Retype all of the listing exactly, passing over any picture you find.

**SOURCE MATERIAL**
--- --- ---

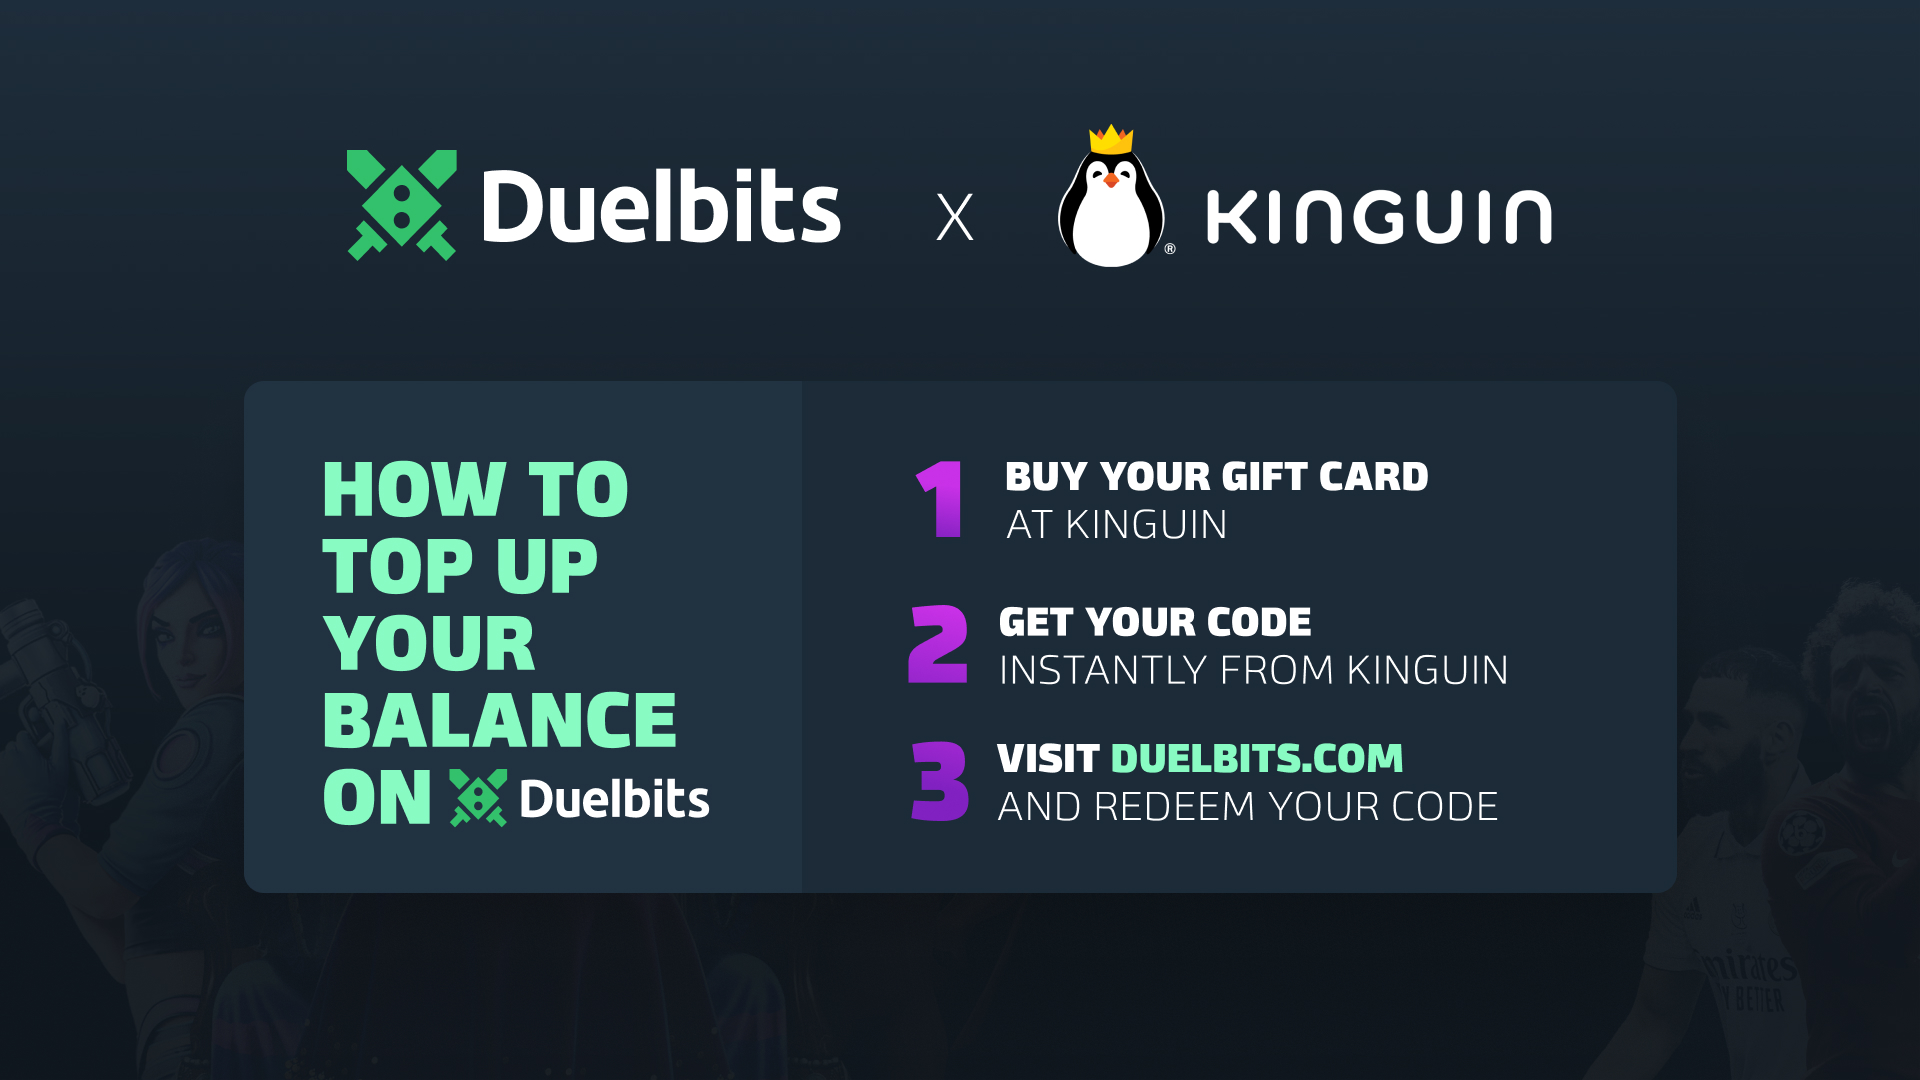 DuelBits $5 Gift Card, $6.27
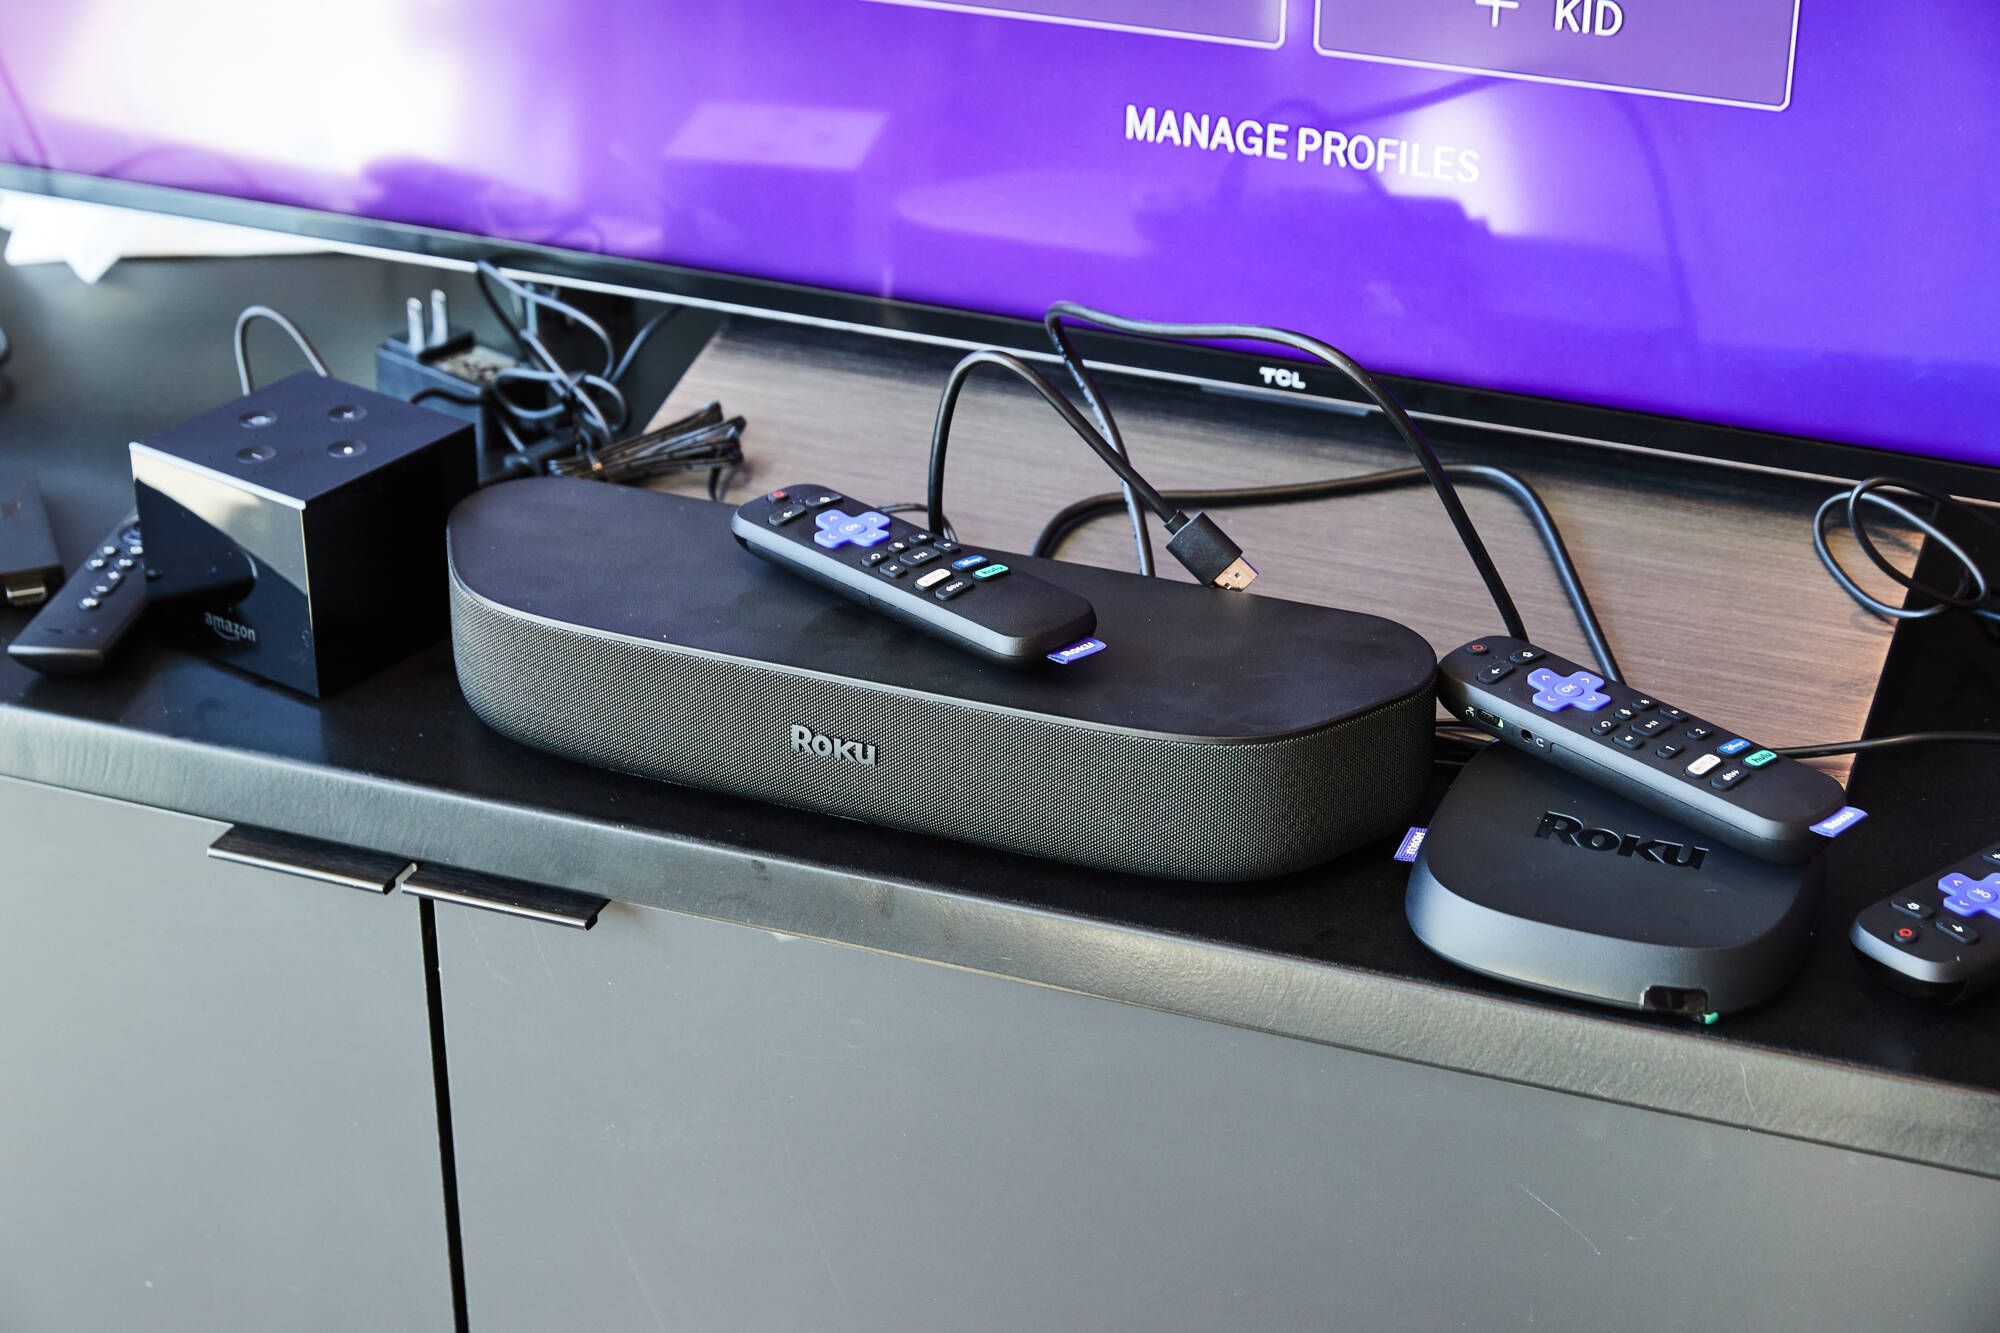 Roku vs.  Fire TV: Which Streaming Device Reigns Supreme? - CNET
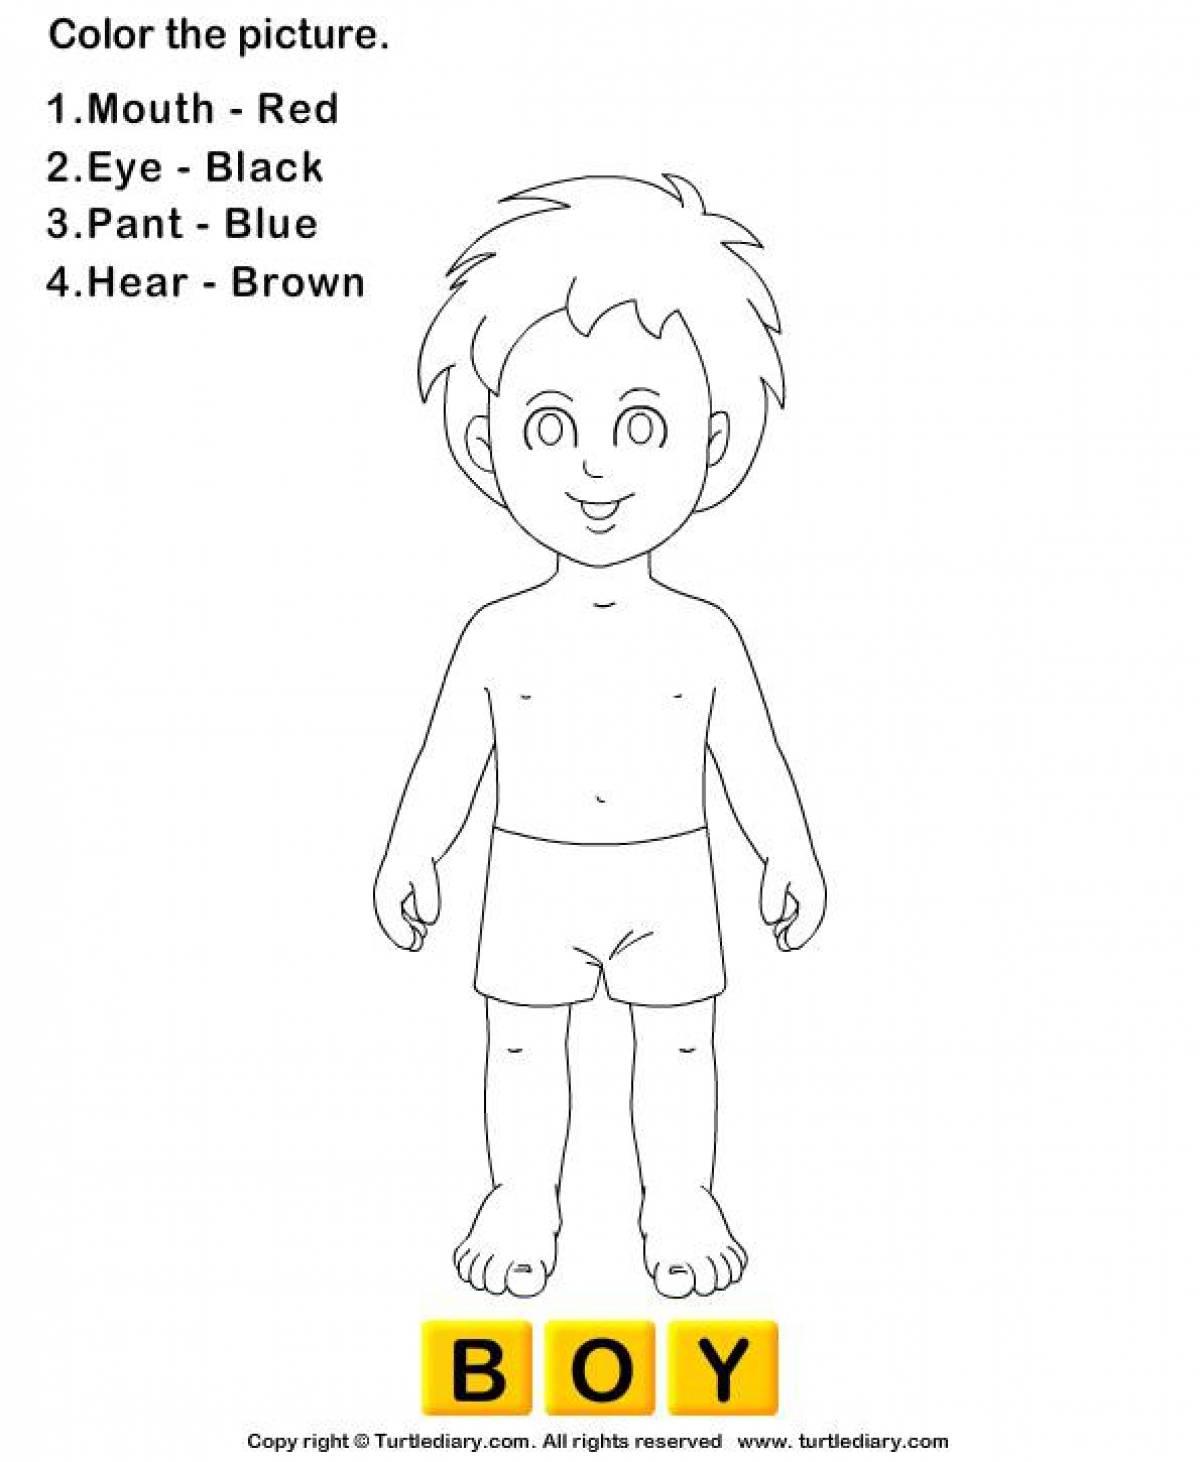 Coloring page stimulating body parts for kids
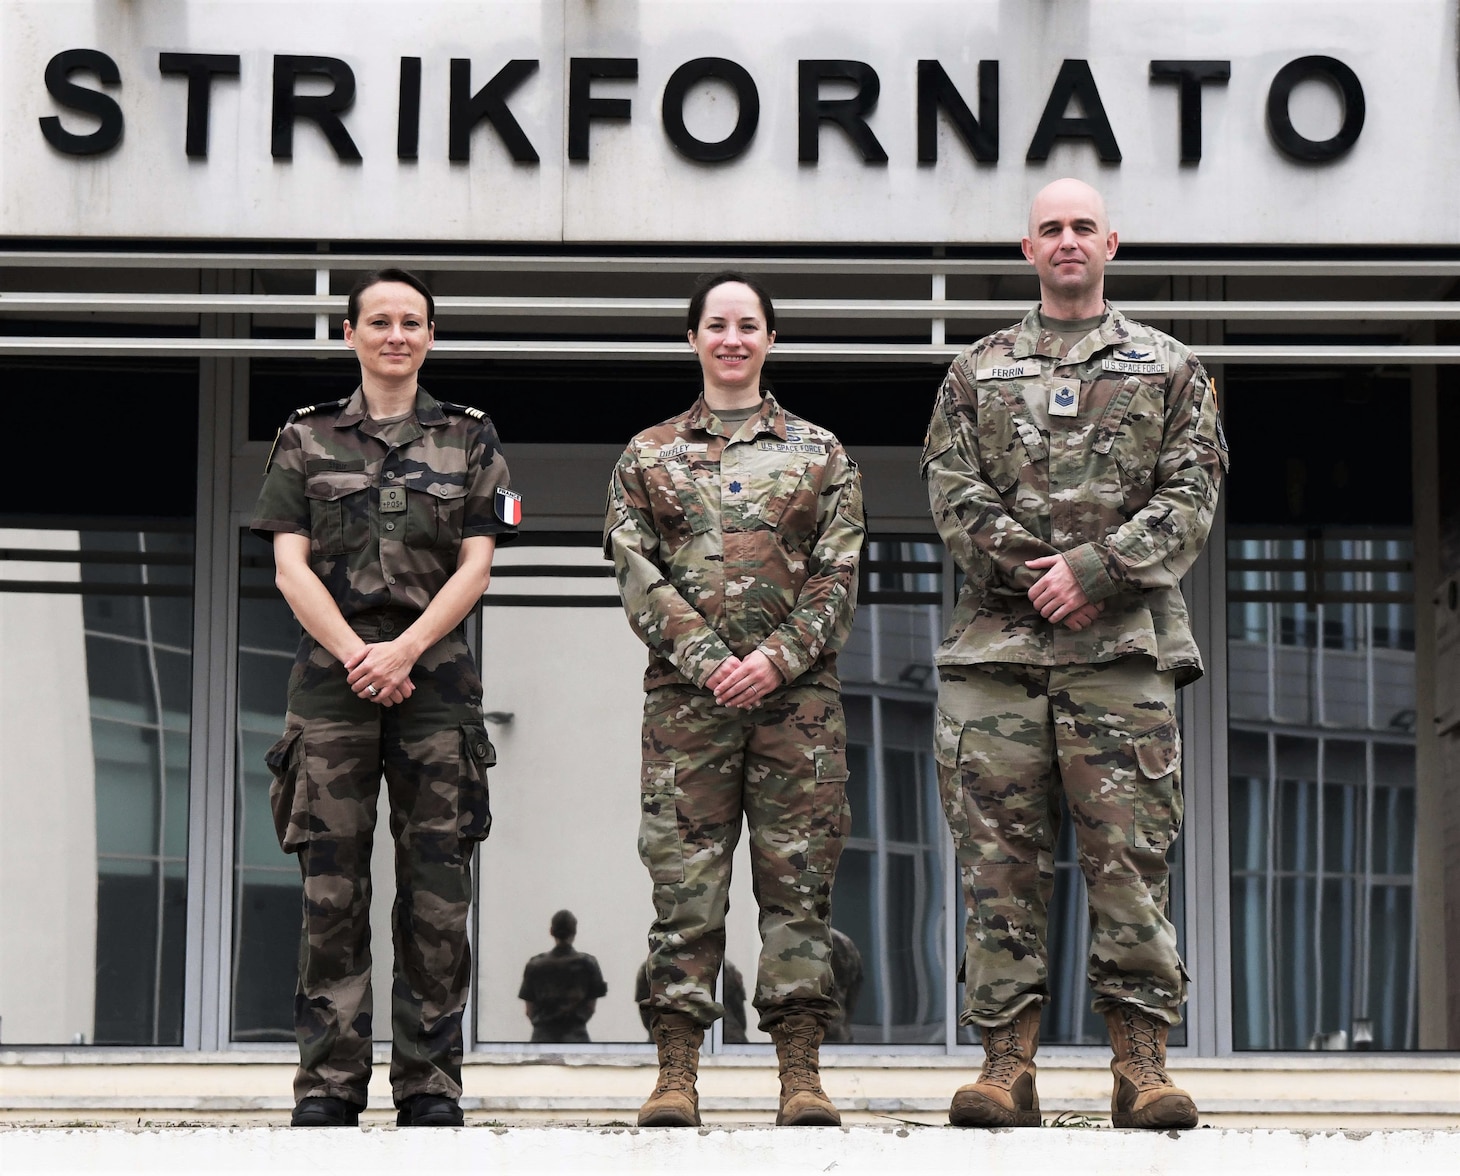 French Air Force Maj. Cécile Stolle and U.S. Space Force Lt. Col. Caitlin Diffley, from the NATO Space Centre in Ramstein, Germany, and Tech. Sgt. Braden Ferrin from U.S. Air Forces in Europe, pose for a photo on Naval Striking and Support Forces NATO base, Portugal, June 14, 2022.

--- --- ---

**ANSWER TO THE PROBLEM**
 DuelBits $5 Gift Card, $6.27
 Roku vs.  Fire TV: Which Streaming Device Reigns Supreme? - CNET
 Coloring page stimulating body parts for kids
 French Air Force Maj. Cécile Stolle and U.S. Space Force Lt. Col. Caitlin Diffley, from the NATO Space Centre in Ramstein, Germany, and Tech. Sgt. Braden Ferrin from U.S. Air Forces in Europe, pose for a photo on Naval Striking and Support Forces NATO base, Portugal, June 14, 2022.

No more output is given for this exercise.